2. The venue building evacuation route planning and fire safety management method based on digital operation and maintenance according to claim 1 is characterized in that: A digital twin model of the venue building is constructed based on BIM and the Internet of Things, specifically: Obtaining construction design data of the target venue building, using a BIM platform to construct a structural geometric digital model of the venue building based on the construction design data, and splicing and combining the structural geometric digital models to obtain a three-dimensional model of the venue building; Assign the location and attributes of firefighting equipment in the venue building to the three-dimensional model, aggregate real-time sensory data of firefighting safety equipment in the venue building through the Internet of Things to generate multi-source fire safety data, and use a data interface to integrate the multi-source fire safety data into the digital twin model of the venue building, thereby achieving a connection between the physical space and the twin space and generating a digital twin model of the venue building; By matching, aligning and digitally mapping multi-source fire safety data with the digital twin model, fire emergency event instance data that meets the similarity standards is retrieved based on the structural characteristics of the venue building, and the pre-processed fire emergency event instance data is used to simulate and verify the digital twin model.
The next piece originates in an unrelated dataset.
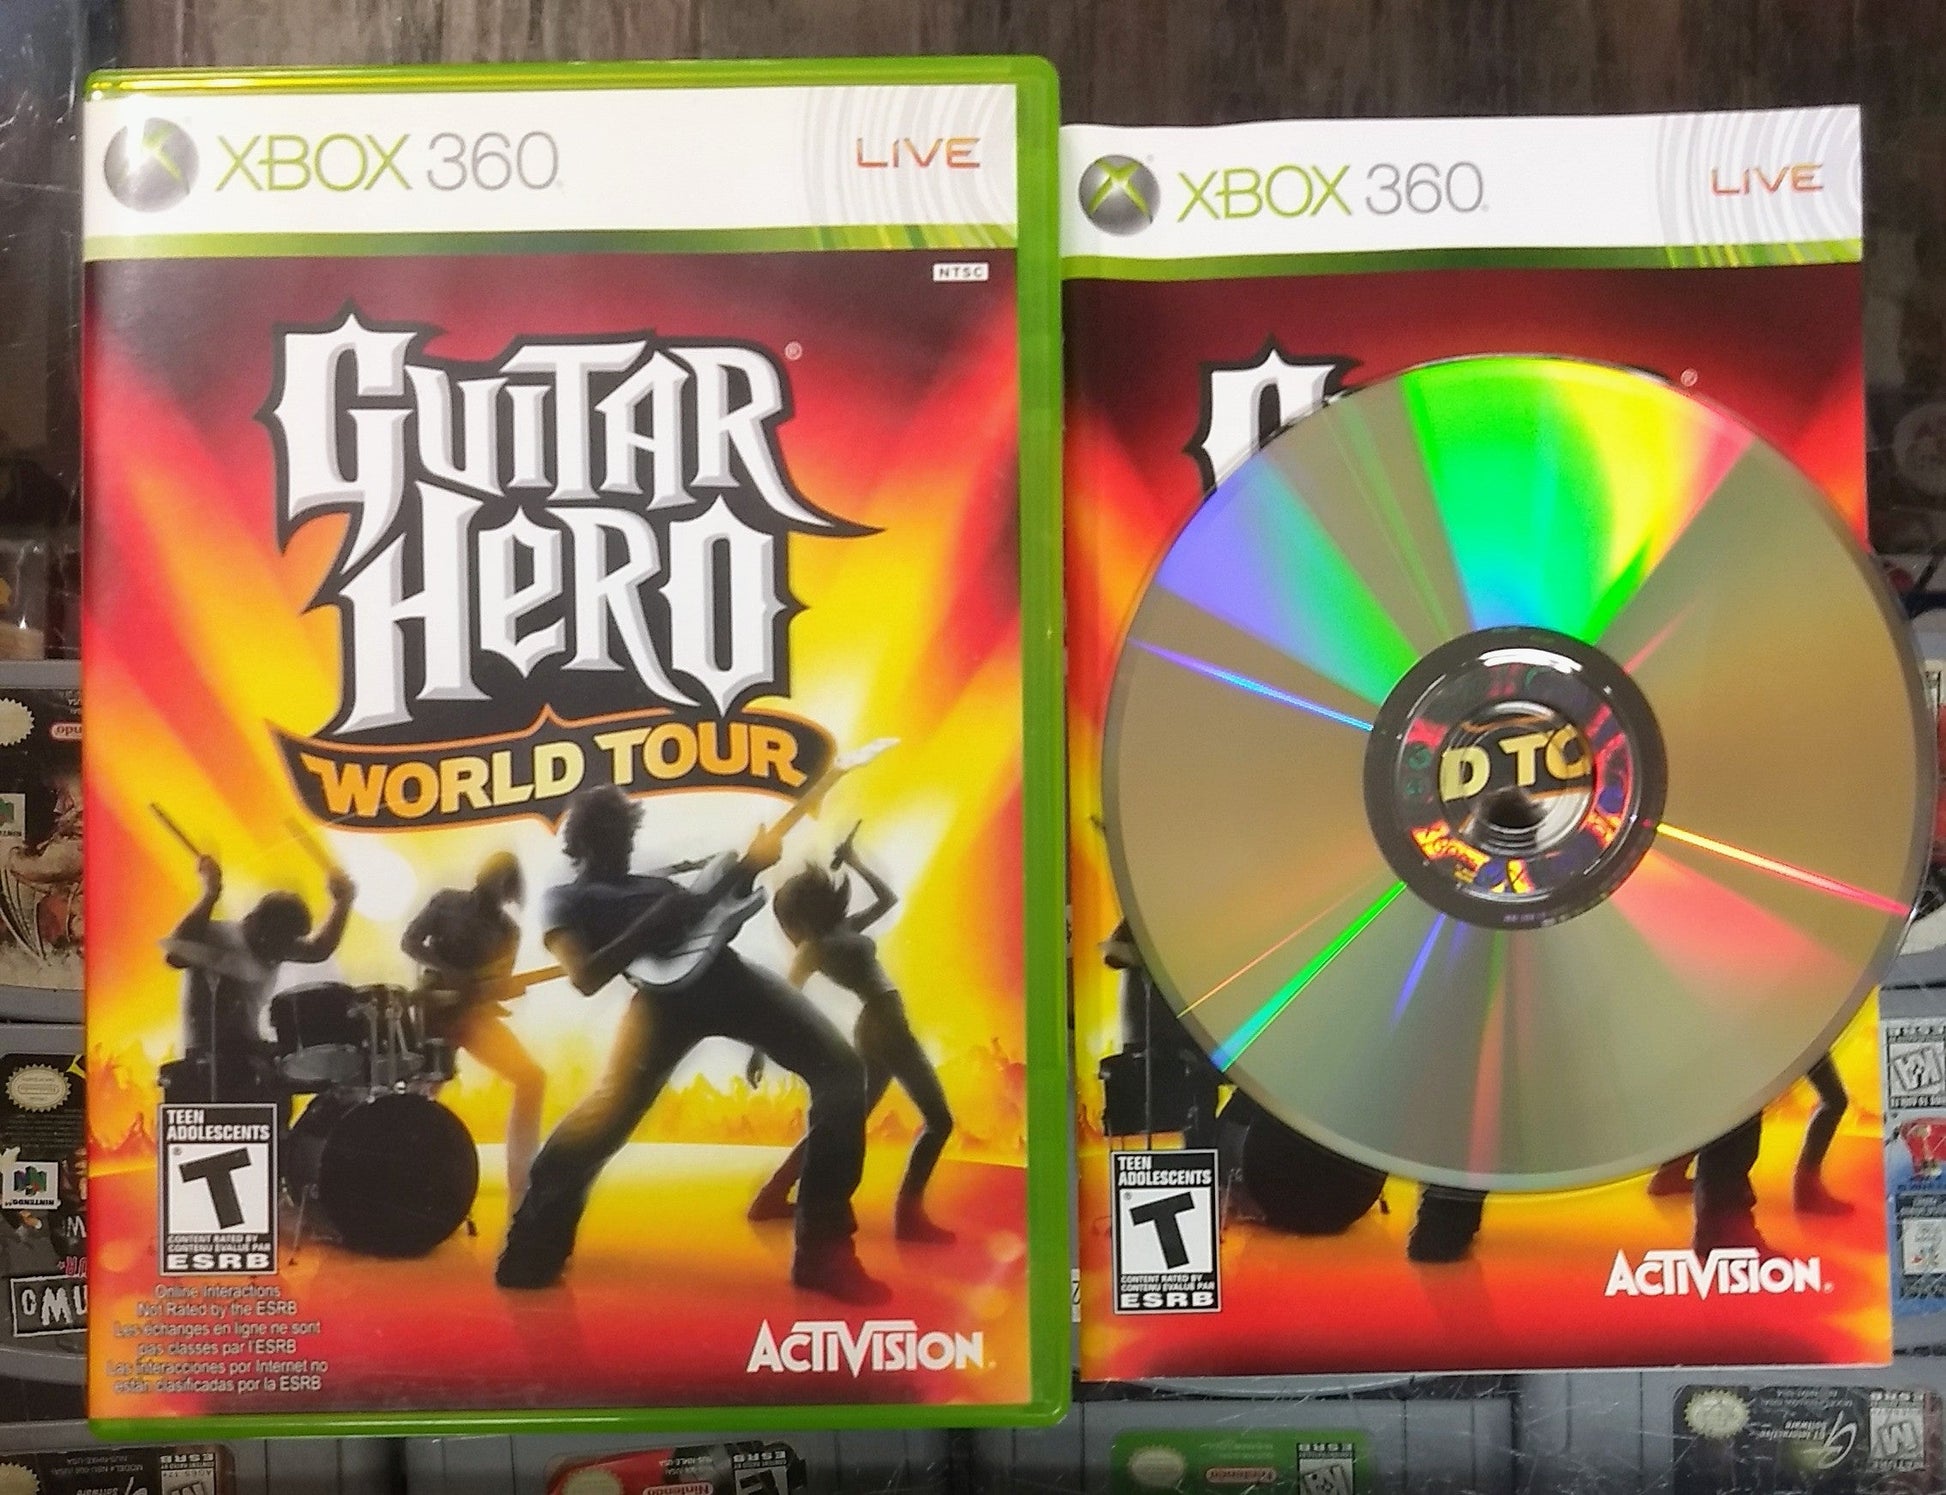 GUITAR HERO WORLD TOUR XBOX 360 X360 - jeux video game-x

3. The venue building evacuation route planning and fire safety management method based on digital operation and maintenance according to claim 1 is characterized in that: Obtain the fire dynamic characteristics of different venue building areas, specifically: The fire scene dynamic parameters of different venue building areas are obtained based on the digital twin model of the venue building after grid processing. The fire scene dynamic parameters of different venue building areas are spatially modeled by the graph neural network. The association between the building structure similarity and channel connection setting areas of different venue building areas is used to obtain the spatial dependency information of the fire scene dynamic parameters based on the association between different venue building areas using the graph neural network; In the graph convolution layer of the graph neural network, the state of each venue building area is updated through the information aggregation mechanism, and the spatial structure embedding matrix of the fire scene dynamic parameters is constructed to obtain a spatial embedding vector sequence; The spatial embedding vector sequence output by the graph neural network is input into the LSTM network. The relationship between the key features in the spatial embedding vector sequence is obtained through the forget gate and memory cell state update, and the fire dynamic characteristics of the dynamic parameters of the fire scene in different venue building areas that change with time and space are output.
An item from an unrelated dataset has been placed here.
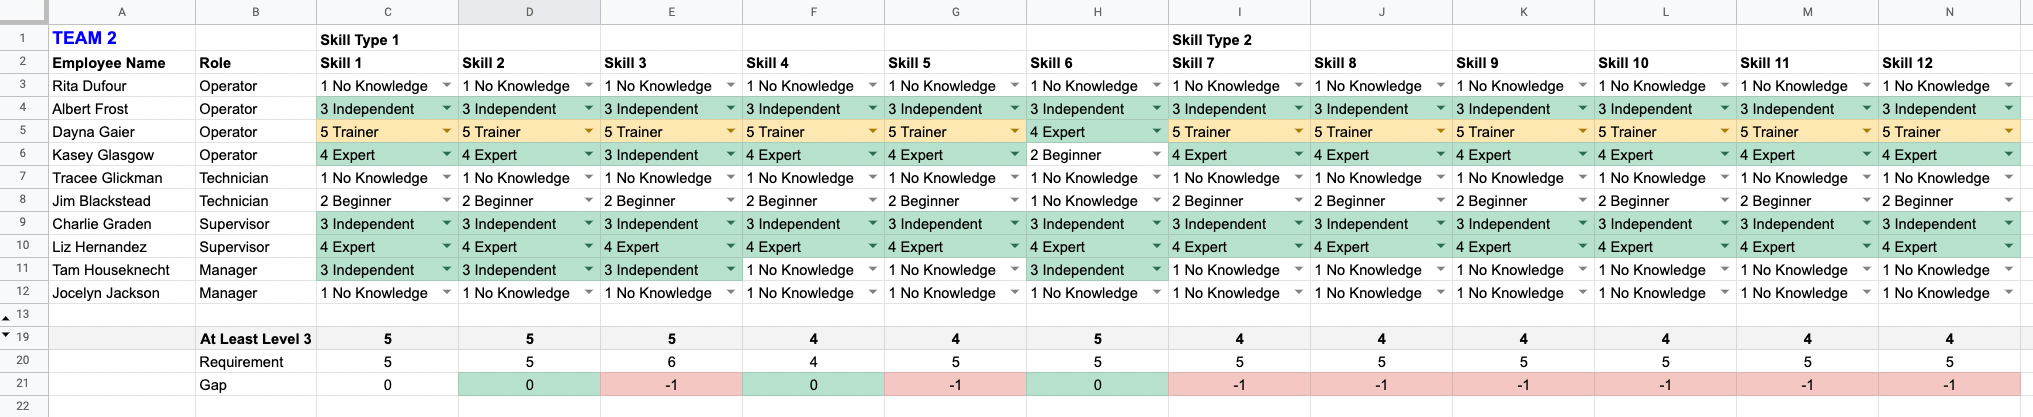 skills matrix spreadsheet-min

4. The venue building evacuation route planning and fire safety management method based on digital operation and maintenance according to claim 1 is characterized in that: The improved rat swarm algorithm is used for evacuation path planning, specifically: Fire safety equipment collects real-time multi-source fire safety data to obtain the distribution of trapped people in buildings and venues. Soft clustering is performed by setting cluster centers based on the safety exits of the buildings and venues to match the trapped people with the nearest safety exits. Based on the distribution of trapped people and the matching safe exits, the starting and target points of the paths are generated for the trapped people. The improved rat swarm algorithm is used for evacuation path planning. The evacuation paths are randomly obtained through the risk distribution of different venue building areas to initialize the rat swarm population. Using elite reverse learning to process the rat population to expand the diversity of the population, defining an objective function with minimum evacuation time as the goal, mapping the objective function to the fitness function, and calculating the fitness value; The mouse with the minimum fitness value is selected as the local optimal solution. The position of the mouse is updated according to the two stages of chasing prey and attacking prey in the mouse swarm algorithm. The fitness value is recalculated and the current and global optimal solutions are updated. The position of the individual mouse is updated using the Levy flight strategy, and the fitness values before and after the update are compared. If the fitness value after the update is smaller, the updated individual mouse is taken as the optimal solution, otherwise the original optimal solution is retained. After the iterative optimization is completed, the optimal evacuation path for different trapped people is obtained based on the optimal solution.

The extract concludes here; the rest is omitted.